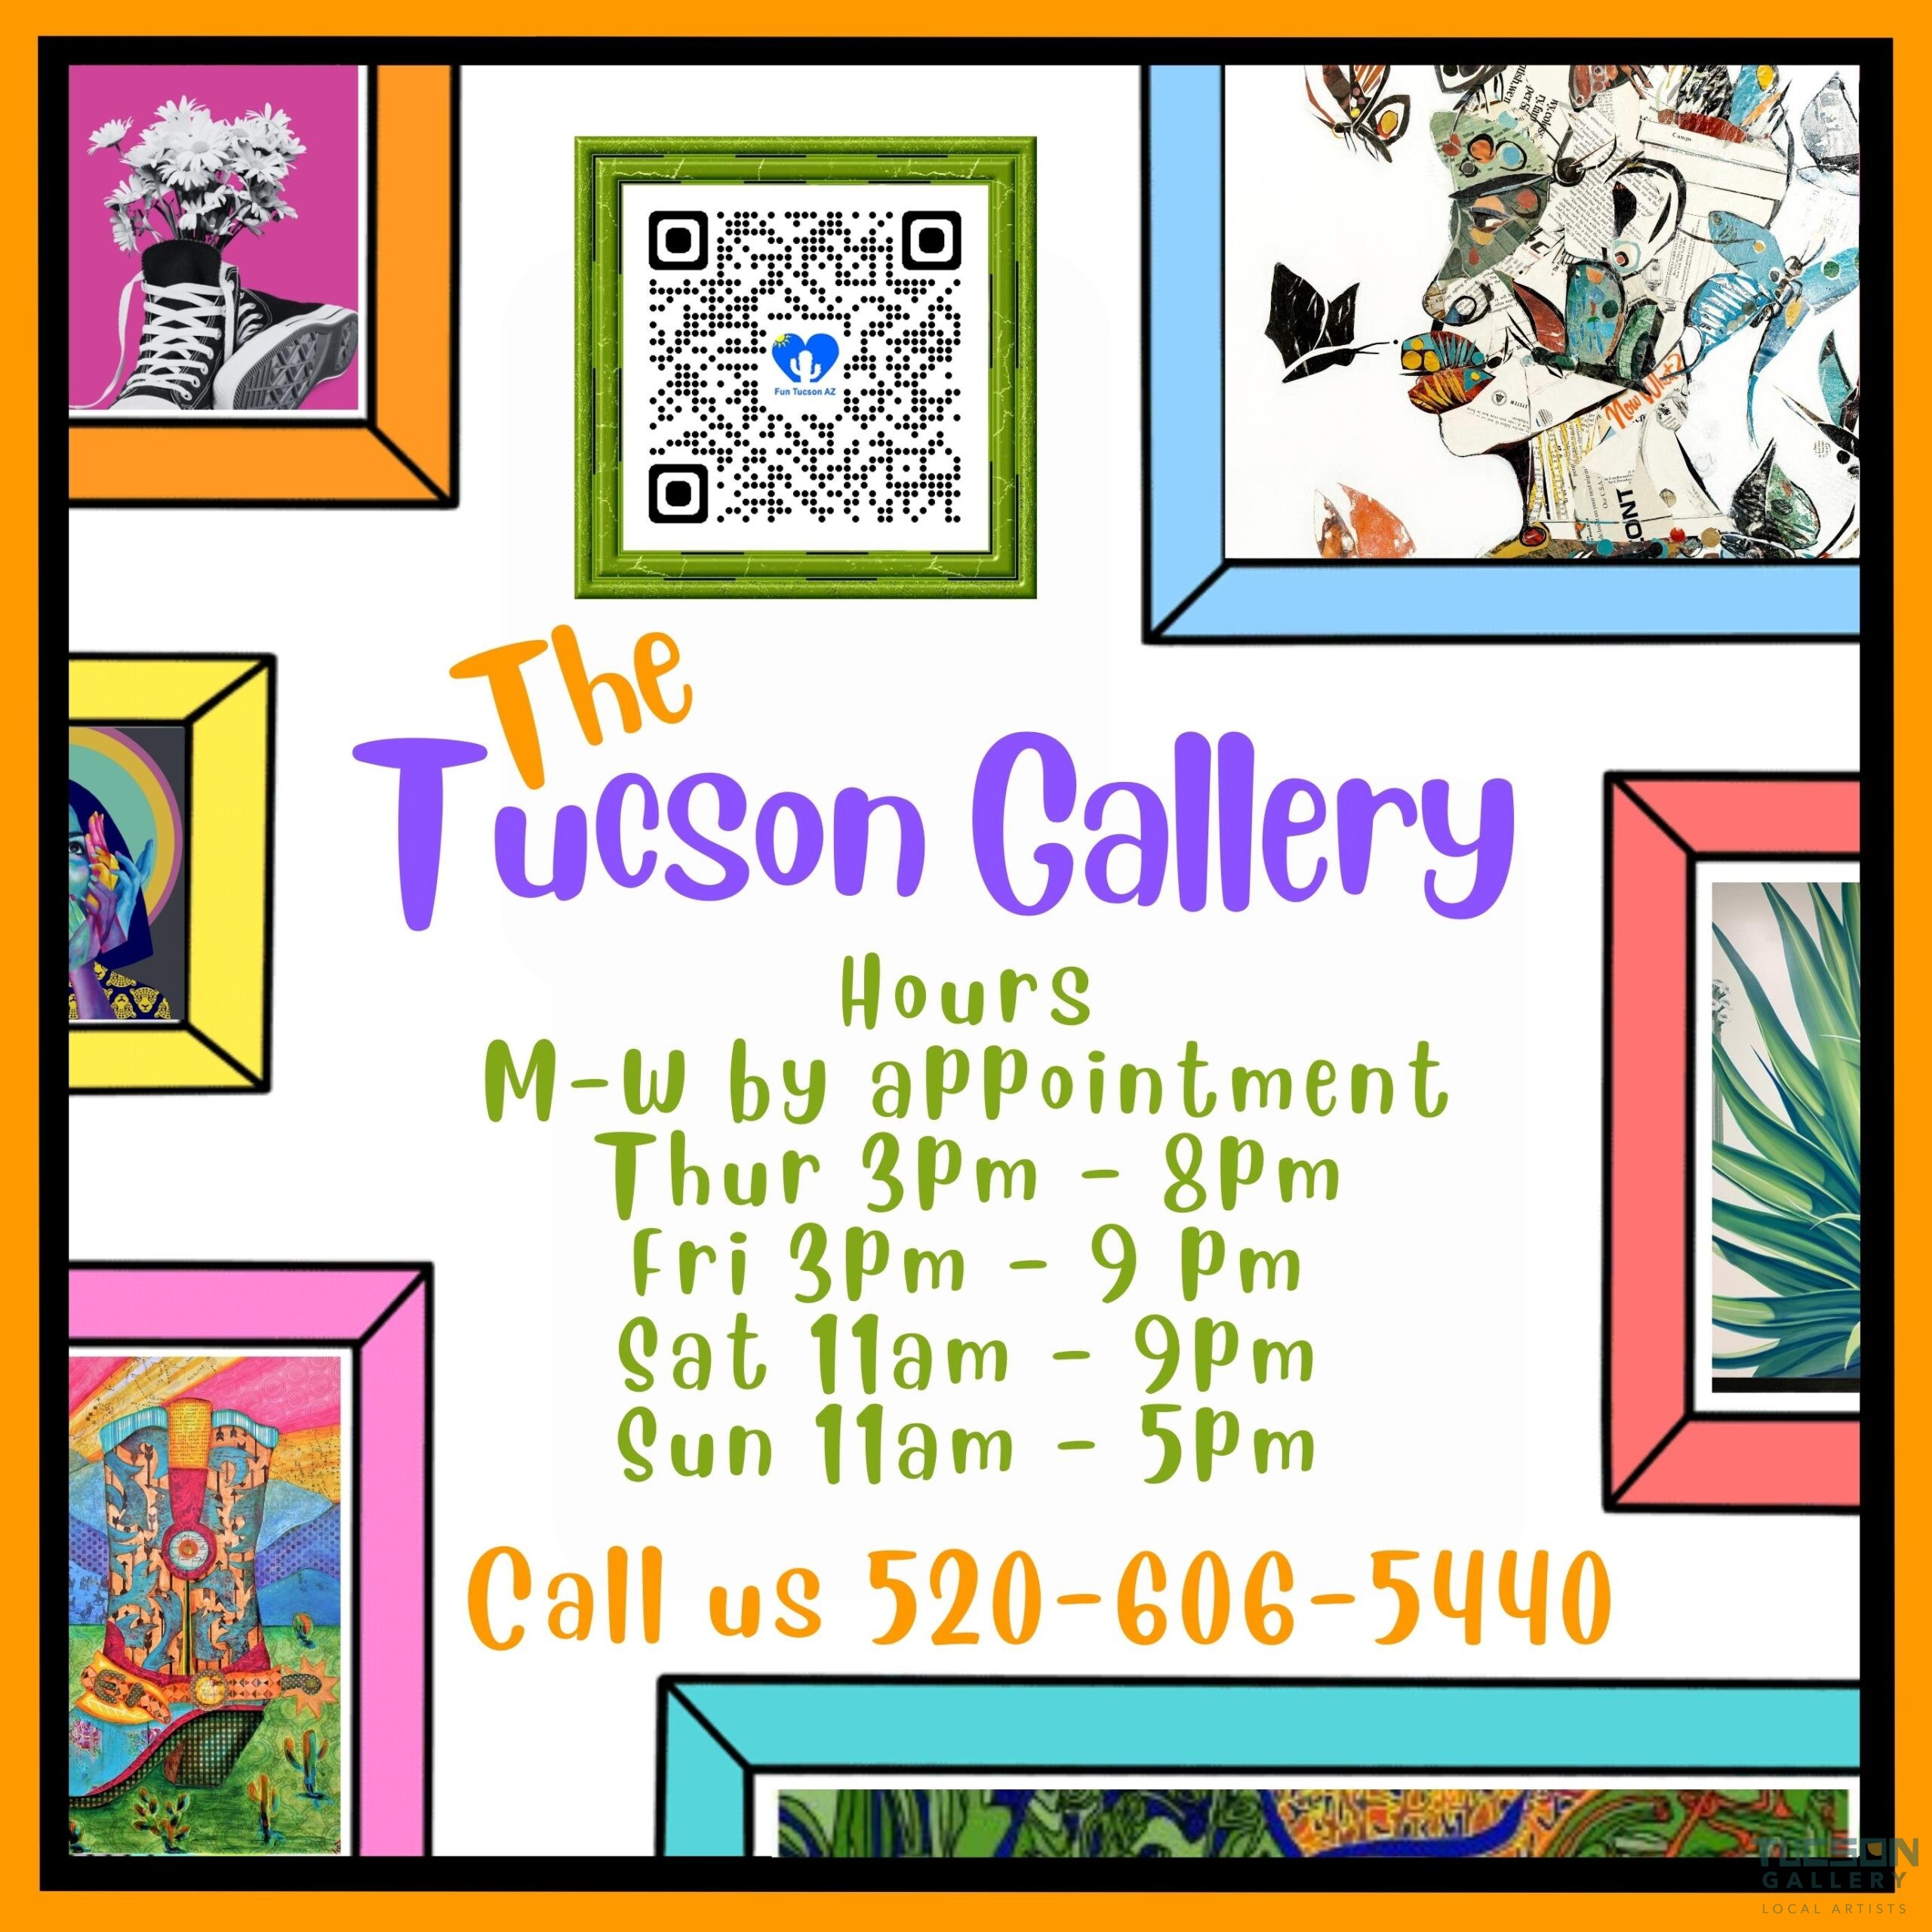 Tucson Gallery art hours local artists originals gifts souvenirs
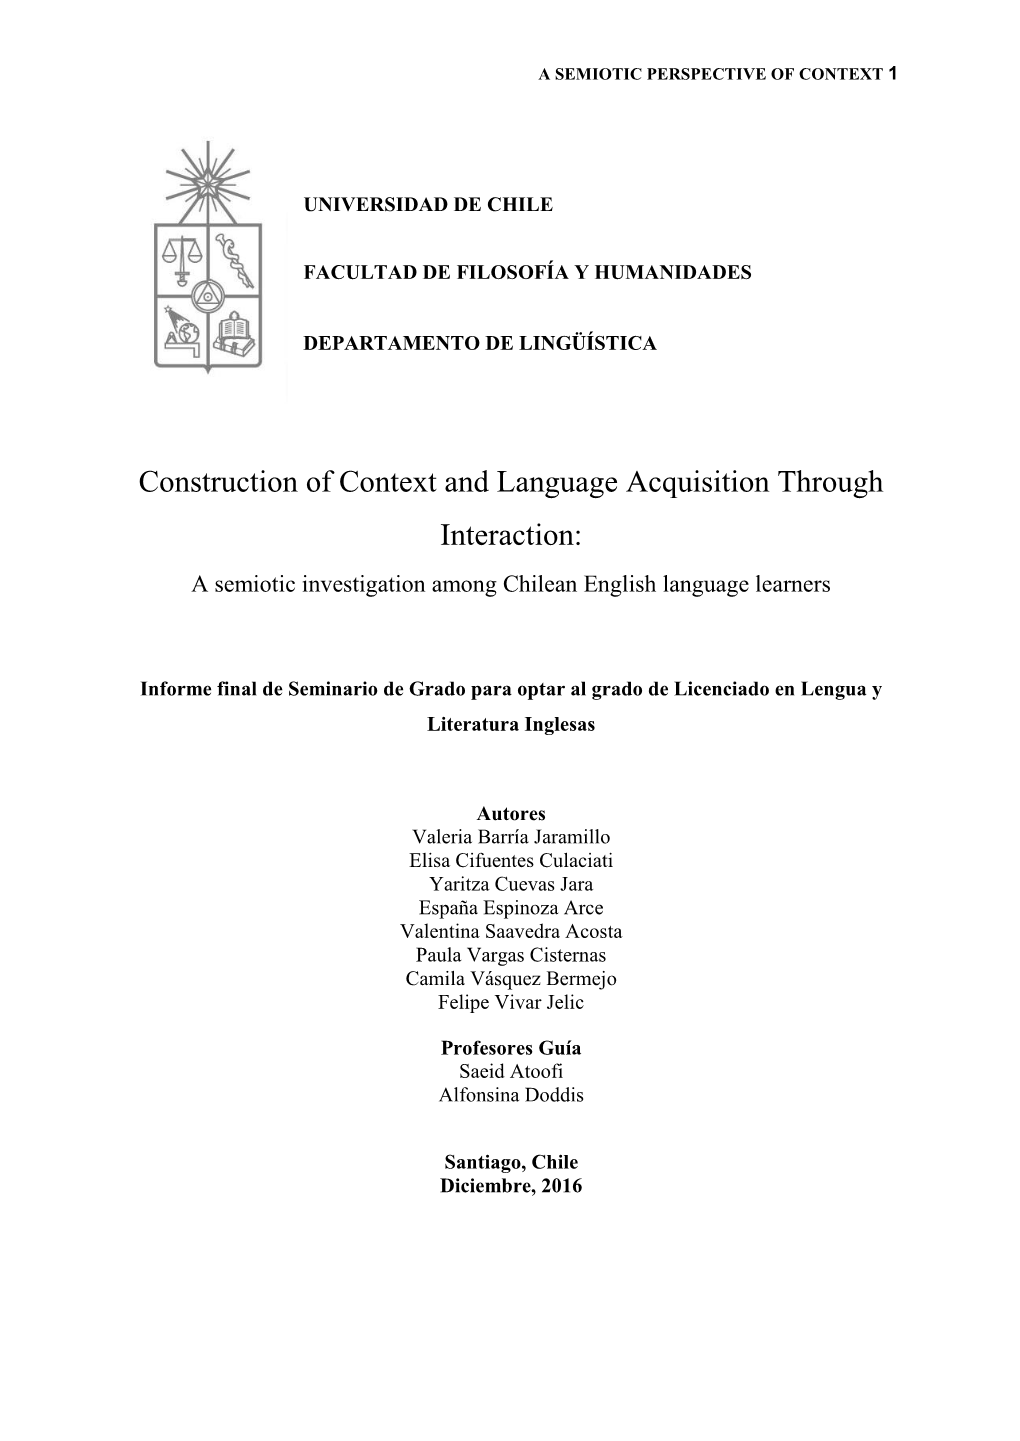 Construction of Context and Language Acquisition Through Interaction
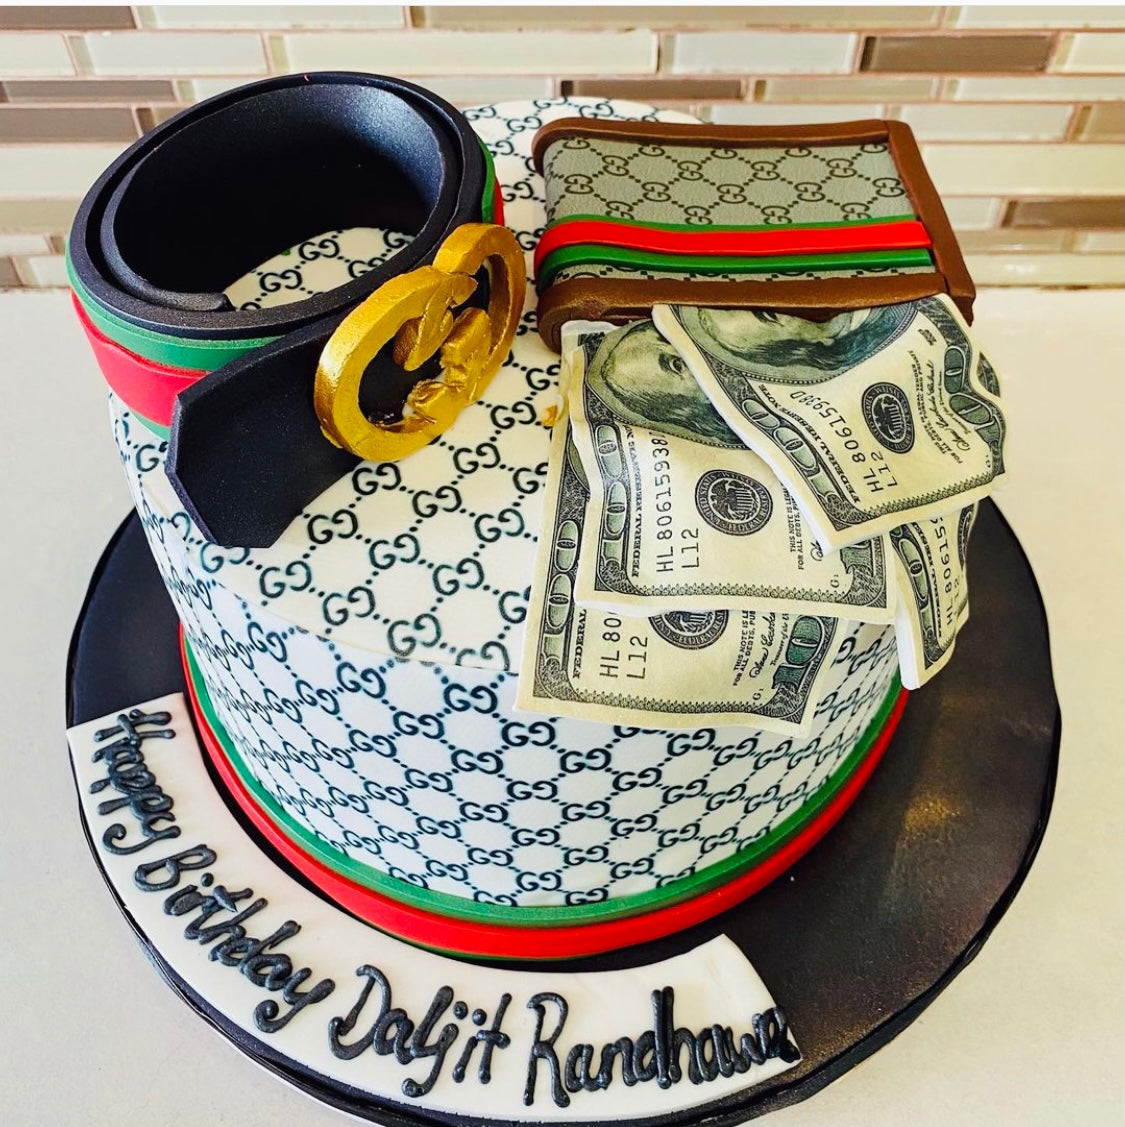 Gucci cake  Gucci cake, Birthday cakes for men, Cool birthday cakes

════════

**EXERCISE BRIEF**
Write out exactly the lines from the line containing "Construction of Context" through the last line of the listing above, please, and leave out any pictures.

**ANSWER SECTION**
 Construction of Context and Language Acquisition Through Interaction
 Gucci cake  Gucci cake, Birthday cakes for men, Cool birthday cakes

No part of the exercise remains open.